**DATA SUPPLIED**
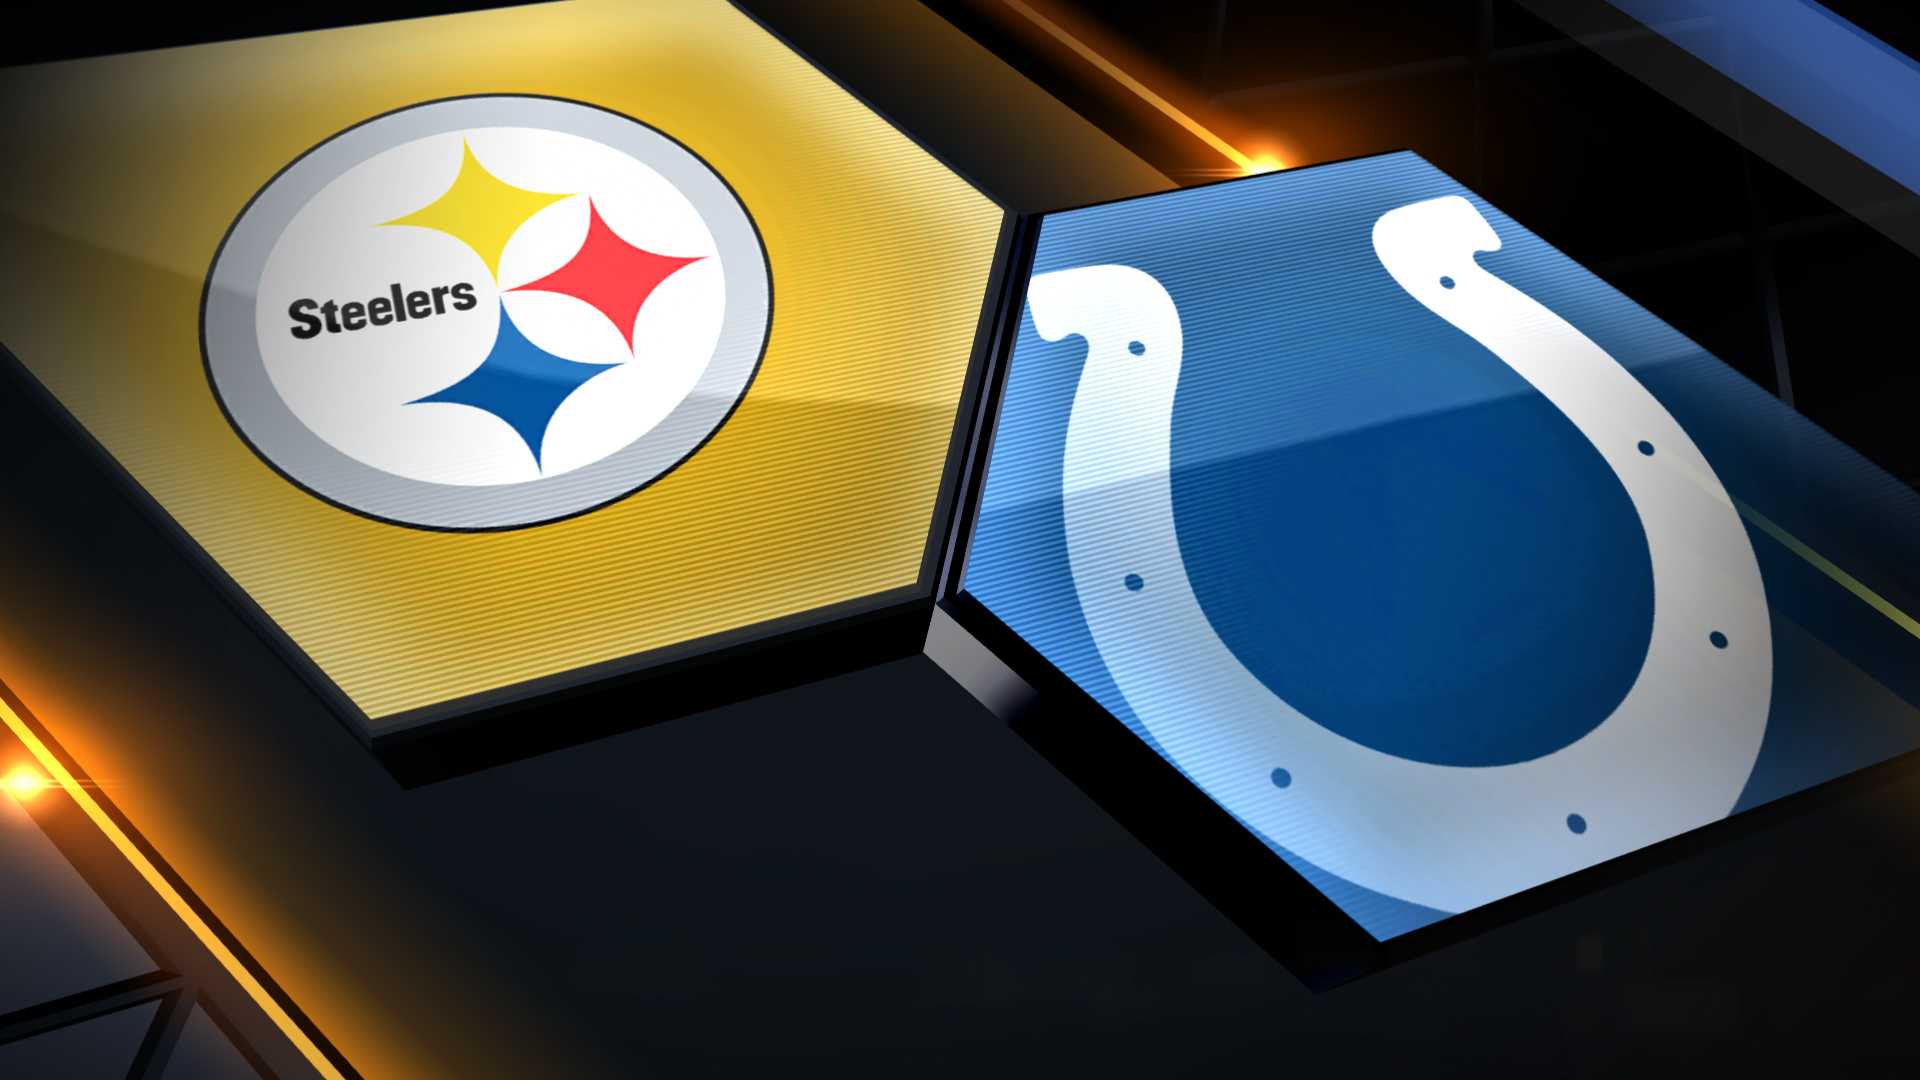 Pittsburgh Steelers vs. Indianapolis Colts Week 12 preview
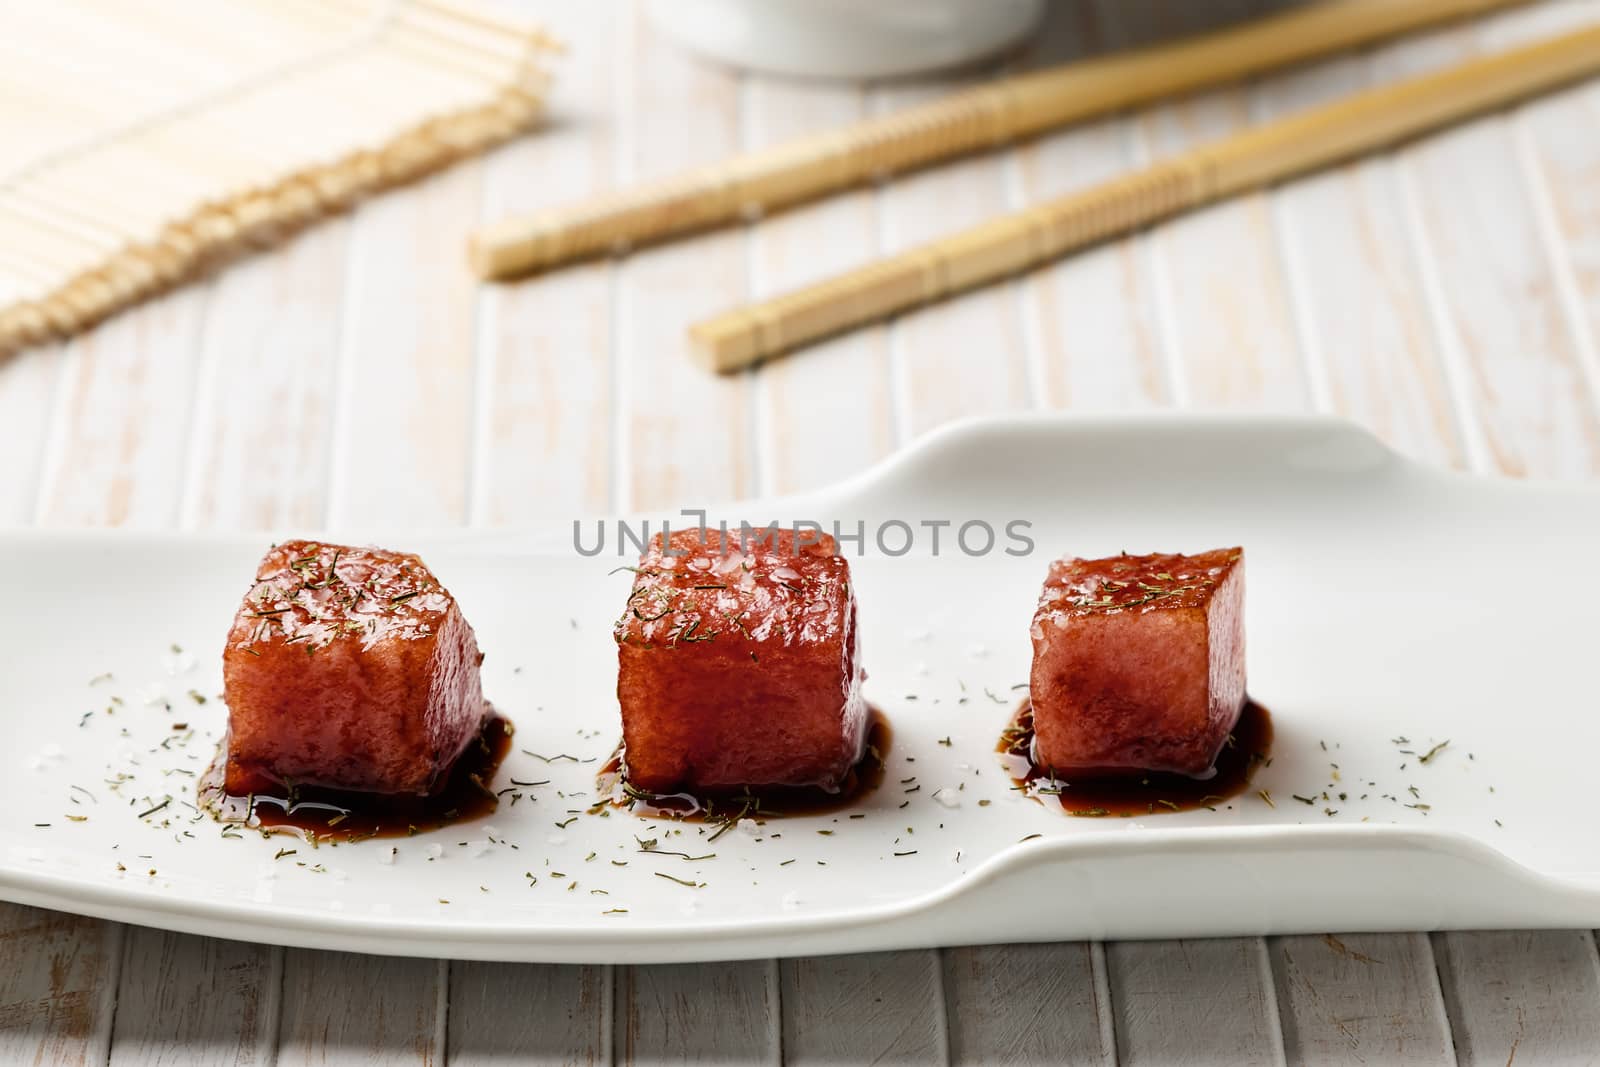 Tuna sashimi dipped in soy sauce,  thick salt and dill with chopsticks and bamboo mat. Raw fish in traditional Japanese style. Horizontal image.
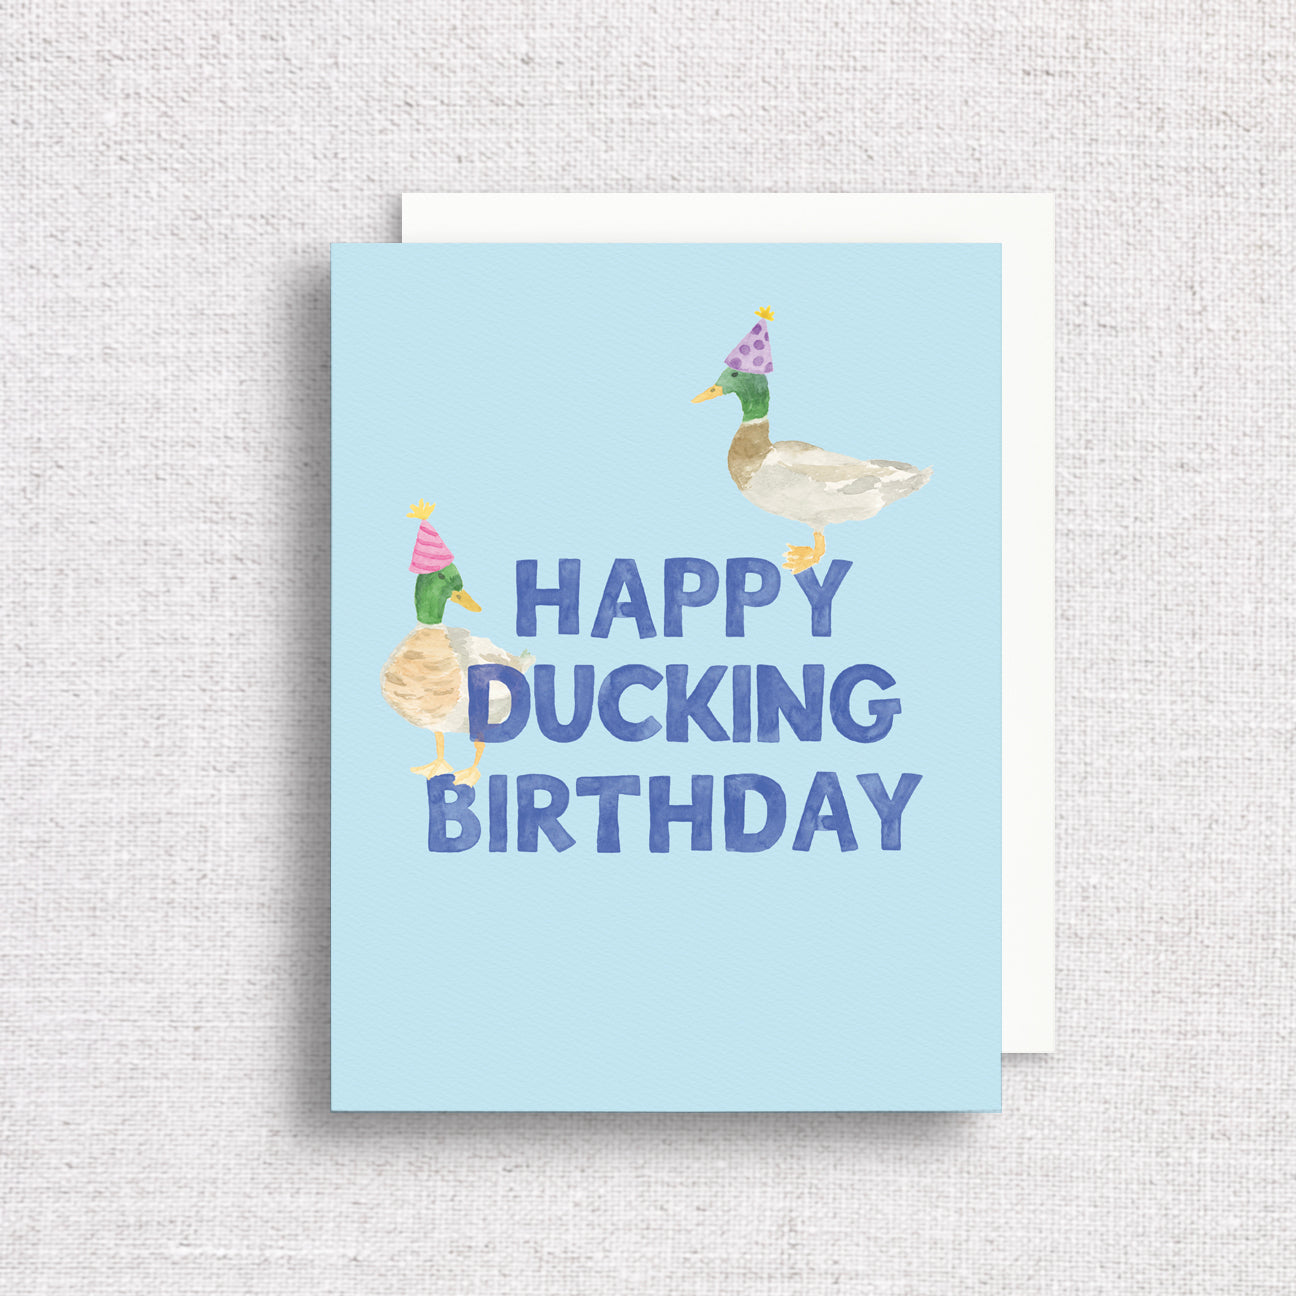 Happy Ducking Birthday Greeting Card by Gert & Co
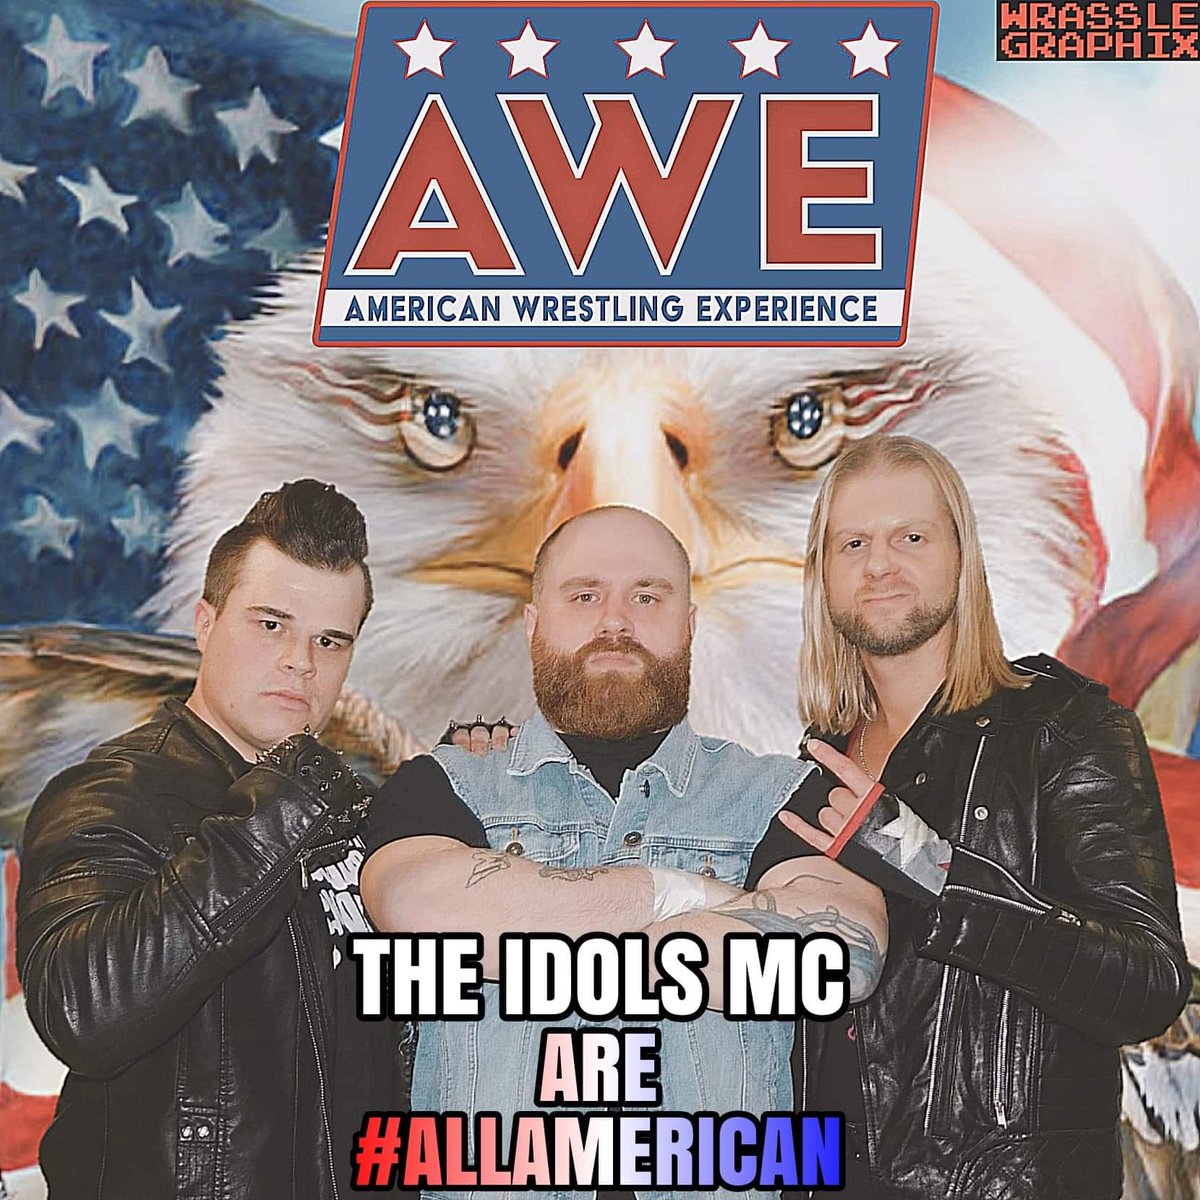 🇺🇸 The Idols MC are rolling into Jackson Michigan for their AWE debut!!!! They will be at AWE: SummerSlamboree!!! Happening Saturday July 23rd 2022 at the Polish National Alliance Hall (638 Page Ave.) In Jackson Michigan!!! Doors at 6:30pm Show at 7pm 🇺🇸 
fb.me/e/1XivTjiiv

**YOUR INSTRUCTIONS**
Your task is to return the entries above exactly, with no pictures.

**WRITTEN RESPONSE**
 Pittsburgh Steelers vs. Indianapolis Colts Week 12 preview
 Tuna sashimi dipped in soy sauce,  thick salt and dill with chopsticks and bamboo mat. Raw fish in traditional Japanese style. Horizontal image.
 Happy Ducking Birthday Greeting Card by Gert & Co
 🇺🇸 The Idols MC are rolling into Jackson Michigan for their AWE debut!!!! They will be at AWE: SummerSlamboree!!! Happening Saturday July 23rd 2022 at the Polish National Alliance Hall (638 Page Ave.) In Jackson Michigan!!! Doors at 6:30pm Show at 7pm 🇺🇸 
fb.me/e/1XivTjiiv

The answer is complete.